The project started on November 2016 and ended in July 2020 with a research trial of almost 4 years. It was carried out in 5 different phases.

Phase 1: Creating a Tokenised SGD
Phase 2: Feasibility of Distributed Ledger Technology (DLT) for Real-time Settlement
Phase 3: Domestic Delivery versus Payment on DLT
Phase 4: Cross-Border Payment versus Payment
Phase 5: Enable Ecosystem Collaboration

Phase 1:

Creating a Tokenised SGD

The first phase of Project Ubin worked towards creating a working proof-of-concept to conduct payments between banks. A prototype system based on Bank of Canada’s Project Jasper was built and launched on a private Ethereum network.

Using a digital SGD called SGD-on-Ledger for the study, the first phase concluded with the feasibility of a digital dollar being used for payments and transactions.

Phase 2: 

Feasibility of Distributed Ledger Technology (DLT) for Real-time Settlement

Phase Two focused on blockchain technology being able to maintain banking transaction privacy and its usefulness for daily transaction settlement.

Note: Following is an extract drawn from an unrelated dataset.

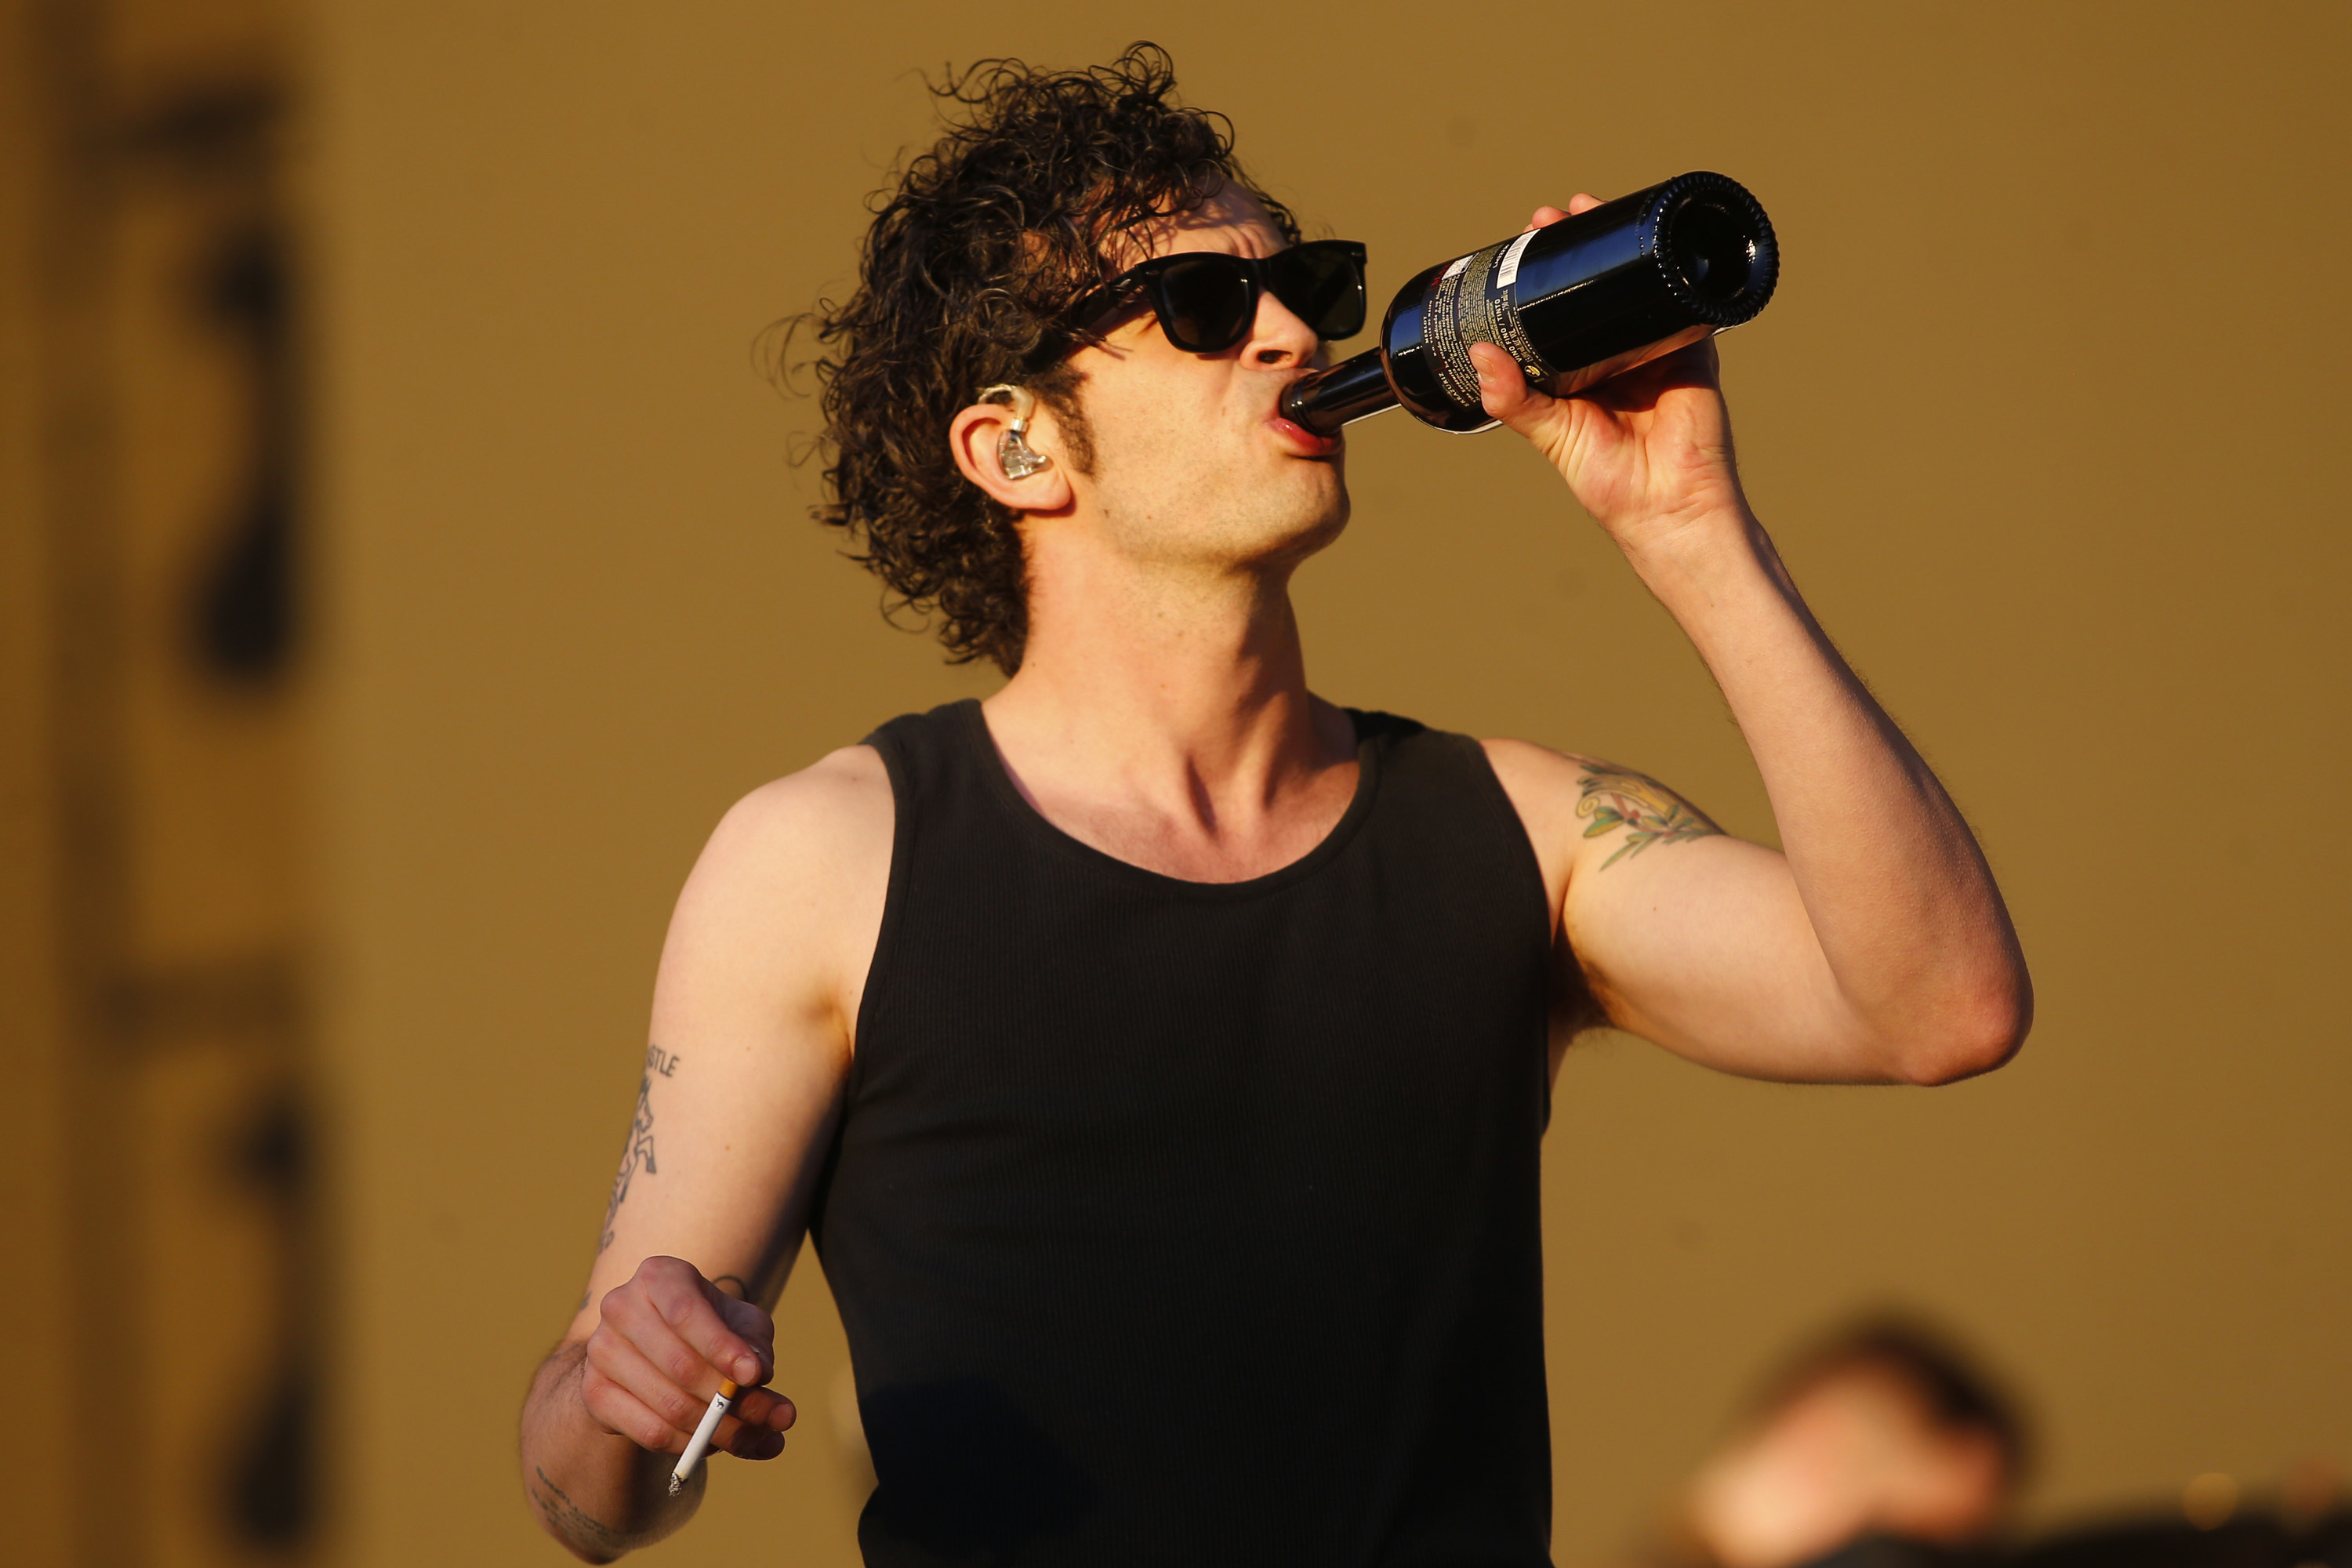 Close-up of Matty drinking from a bottle and holding a cigarette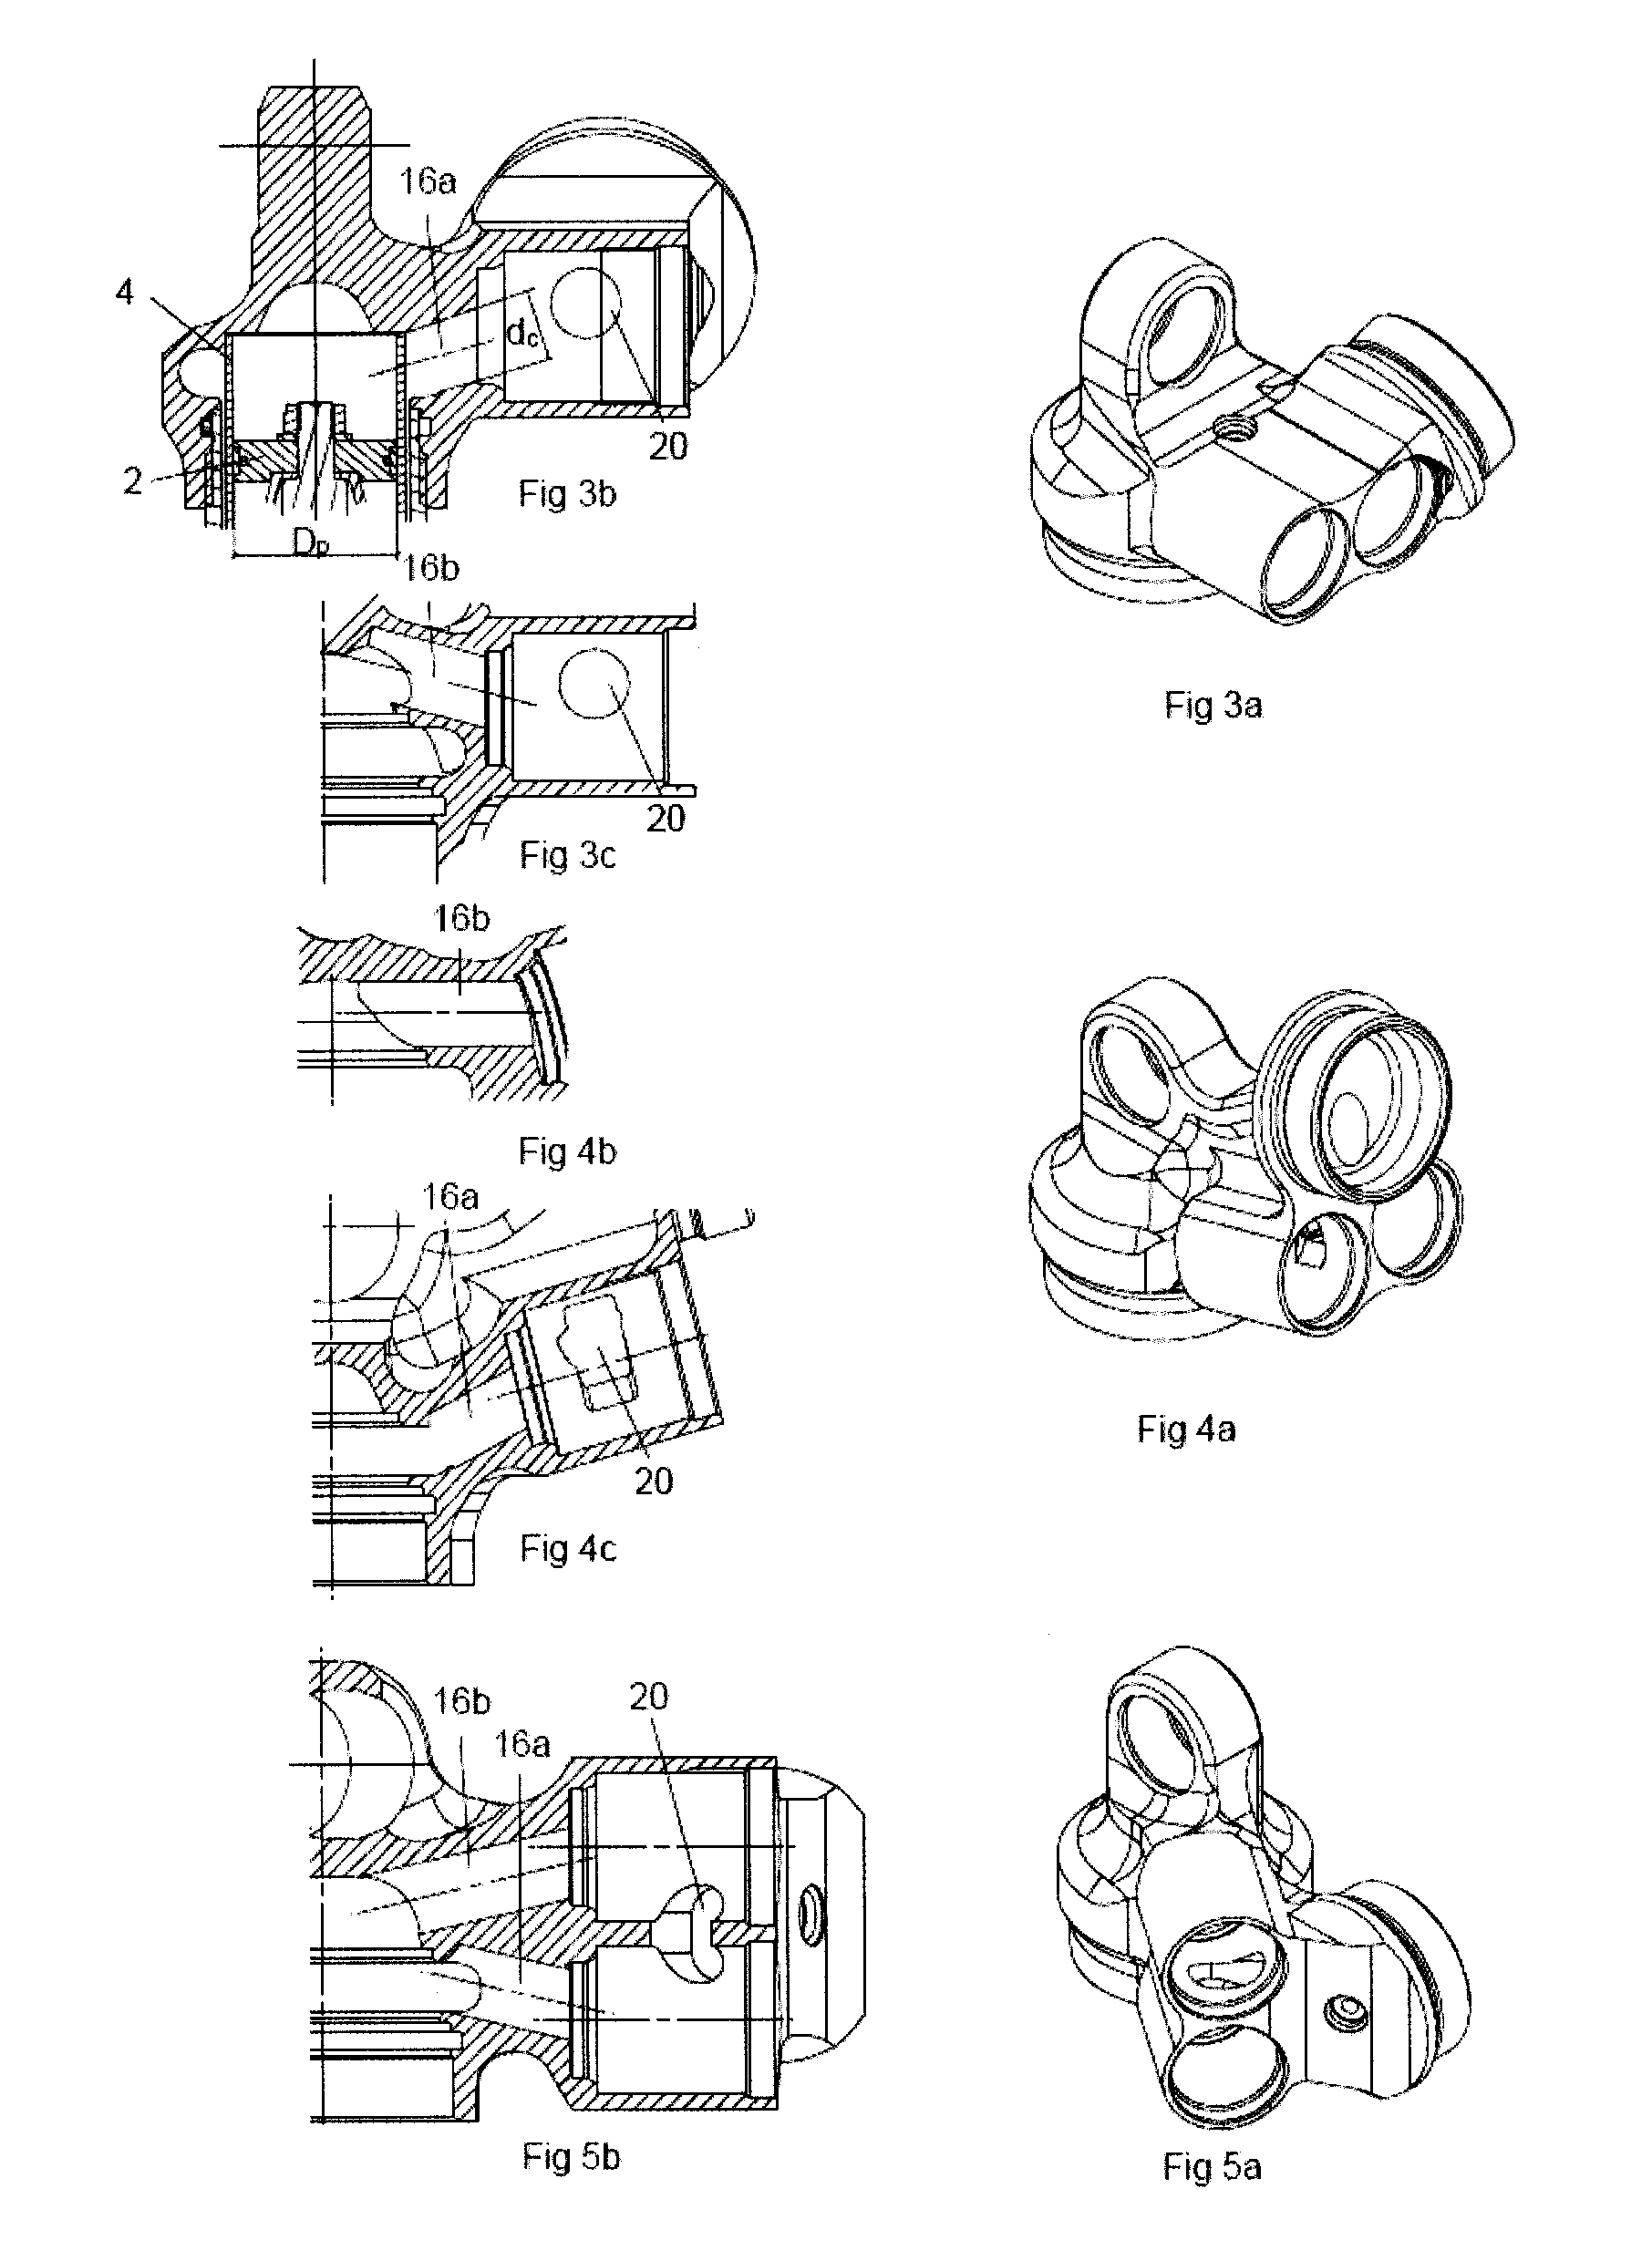 Shock absorber with hydraulic flow ducts

Three different software prototypes were proposed by different blockchain companies, and each were evaluated based on 6 different criteria:

#1. Privacy Of Transactions

Ensuring only relevant parties will have access to the transaction data.

#2. Digitalisation of Payments

Testing the digital dollar with real-time settlement capabilities.

#3. Decentralised Processing

Resilient network with no single point of failure.

#4. Payment Queue Handling

Uniform queue systems with the ability to hold or cancel transactions.

#5. Finality

Final settlement of payments

#6. Liquidity Optimisation

Implement solutions to prevent transaction gridlock.

The prototypes were developed with three different blockchain models – Corda, Hyperledger Fabric, and Quorum. Here’s a summary of their functionality and their performance which was evaluated based on Privacy, Scalability, Resilience, and Finality (PSRF)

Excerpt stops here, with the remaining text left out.